The indoor environment has a large amount of environment semantic information such as doors and windows and the like and clear structural line characteristics. Line features are more descriptive than point features under the same scene. Theoretically, on the premise that a relatively accurate three-dimensional environment map exists, continuous and high-precision positioning can be achieved on the premise that a large indoor scene does not have a closed loop by matching the SLAM reconstruction environment and existing map model data (such as a BIM model) in real time.
Disclosure of Invention
In order to solve the problem that closed-loop correction accumulated errors are difficult to rely on in a large-range indoor scene as a pose optimization basis, the invention provides a prior map auxiliary indoor positioning method based on a monocular camera, and the accuracy of a large-range indoor positioning result can be effectively improved.
In order to achieve the purpose, the solution of the invention is a prior map auxiliary indoor positioning method based on a monocular camera, which comprises the following steps:
s1, acquiring a prior point cloud map of a non-closed-loop indoor scene;
s2, performing semantic segmentation on the known prior map, extracting and reserving local point clouds with environment semantic information and extracting three-dimensional line segments to form a simplified semantic line feature positioning map;
and S3, extracting two-dimensional line features from the camera image, adding a semantic detection process, adding semantic labels to the two-dimensional line segments, and screening and combining the two-dimensional line segments.
S4, judging the visibility of the three-dimensional line segment in the semantic positioning map for the single-frame image, and matching the two-dimensional line features with the three-dimensional line segments which are in the visual field range and have consistent semantic labels;
s5, an optimization model matched with the real-time map and the prior map is constructed, and the positioning accuracy of the system is improved.

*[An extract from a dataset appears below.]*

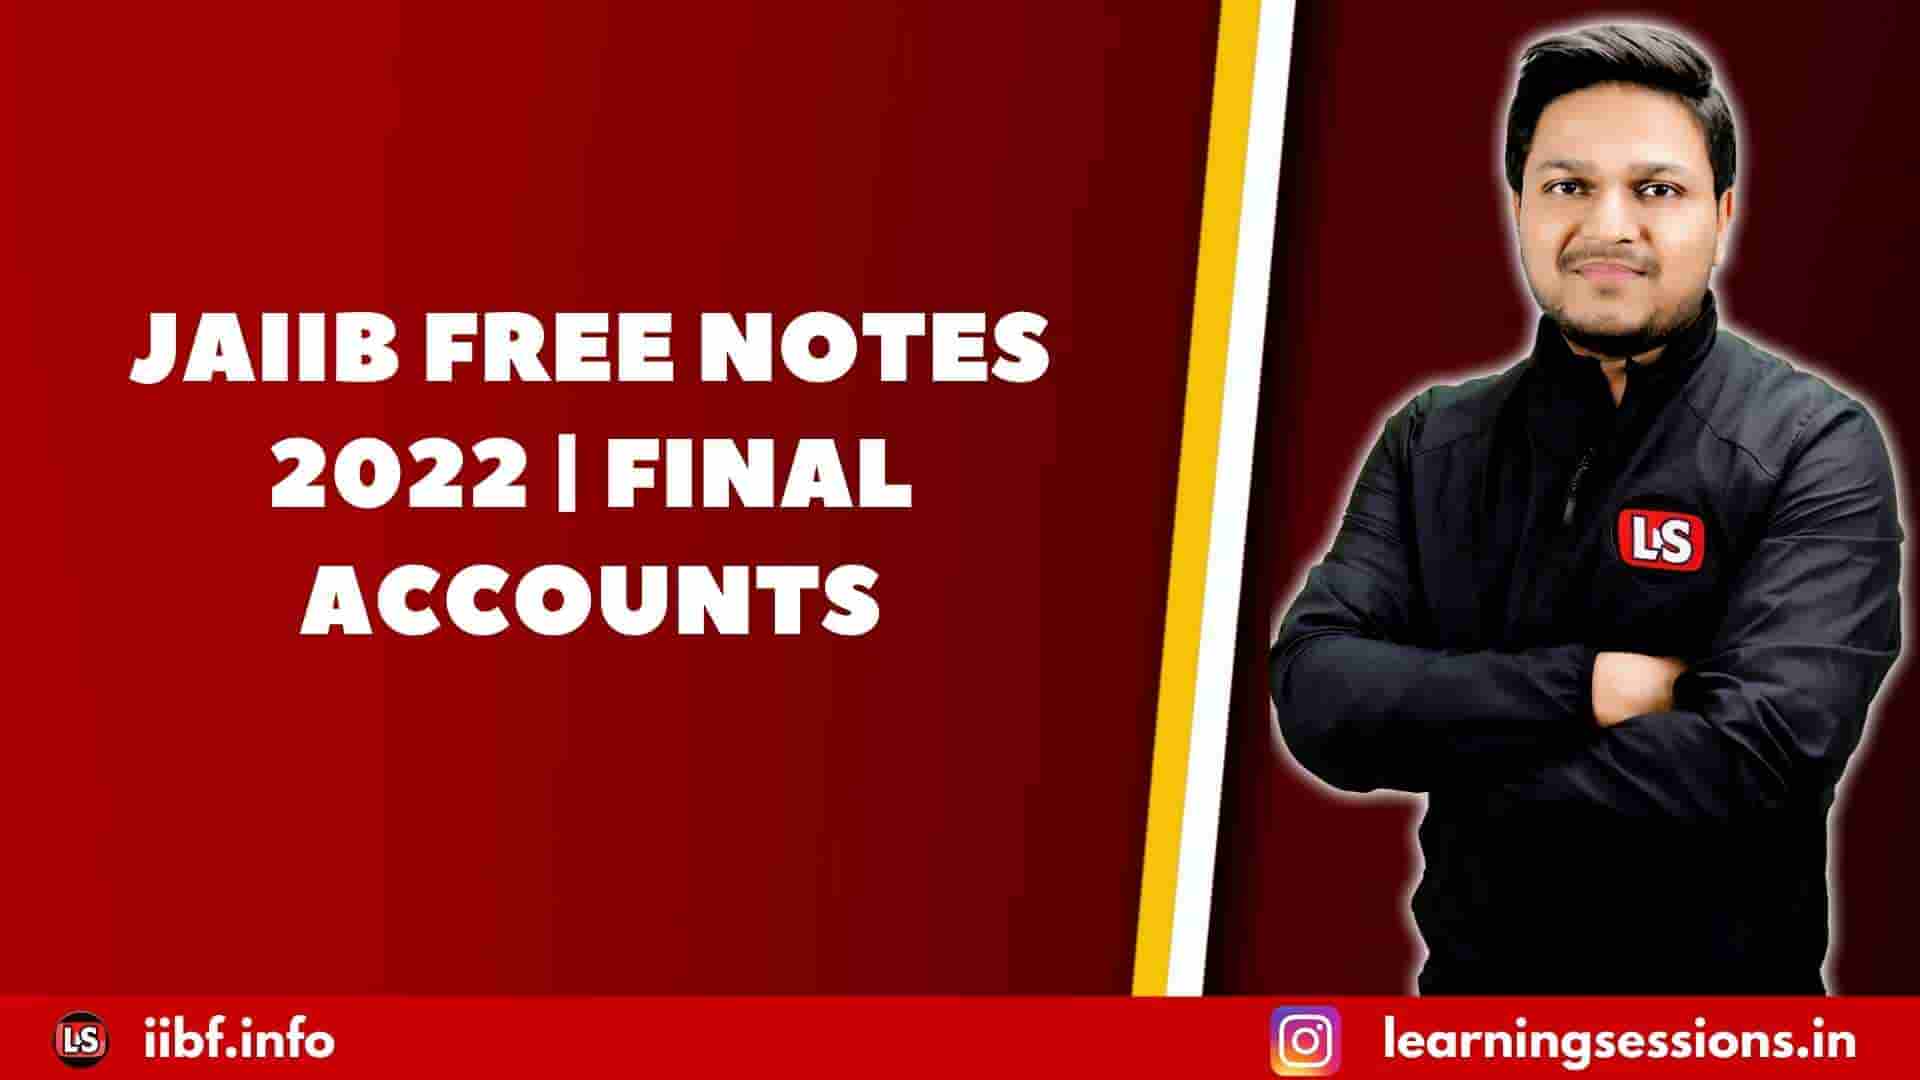 JAIIB FREE NOTES 2022 | FINAL ACCOUNTS

And S6, comparing and detecting the performance of each algorithm under the conditions of no closed track and no annular track and by taking the absolute position error and the closed error as evaluation standards of the performance of each algorithm.
In the step 1, an RGB image and a depth map of a scene are captured by a handheld Kinect-v2.0 camera, and dense point cloud information is generated by an ORB-SLAM2 and stored as a prior point cloud map.
In the step 2, a high-efficiency semantic segmentation model RandLA-Net is used, a simple and quick random sampling method is used for greatly reducing the point density, and a redesigned Localfeature aggregator is used for reserving the remarkable features.
In the step 2, in order to satisfy the extraction of three-dimensional straight lines and obtain better robustness, the three-dimensional straight lines are extracted by using an image-based three-dimensional line segment detection method, and a prior map composed of line segments with environment semantic information is effectively generated by combining a semantic segmentation model RandLA-Net.
In the step 3, an M-LSD algorithm is used for detecting the two-dimensional line characteristics, meanwhile, a semantic detection thread is added, a segnet network is used for semantic segmentation, and if the extracted line segment is in a color block corresponding to the gate, a corresponding semantic category label is given. And screening the line segments with the label category of 'gate', reserving a straight line group close to a semantic boundary curve xi, and merging two-dimensional line segments which may be the same frame line.
In the step 4, the visibility of the three-dimensional doorframe line is judged by adopting different strategies under three conditions according to the visibility of the doorframe line end point.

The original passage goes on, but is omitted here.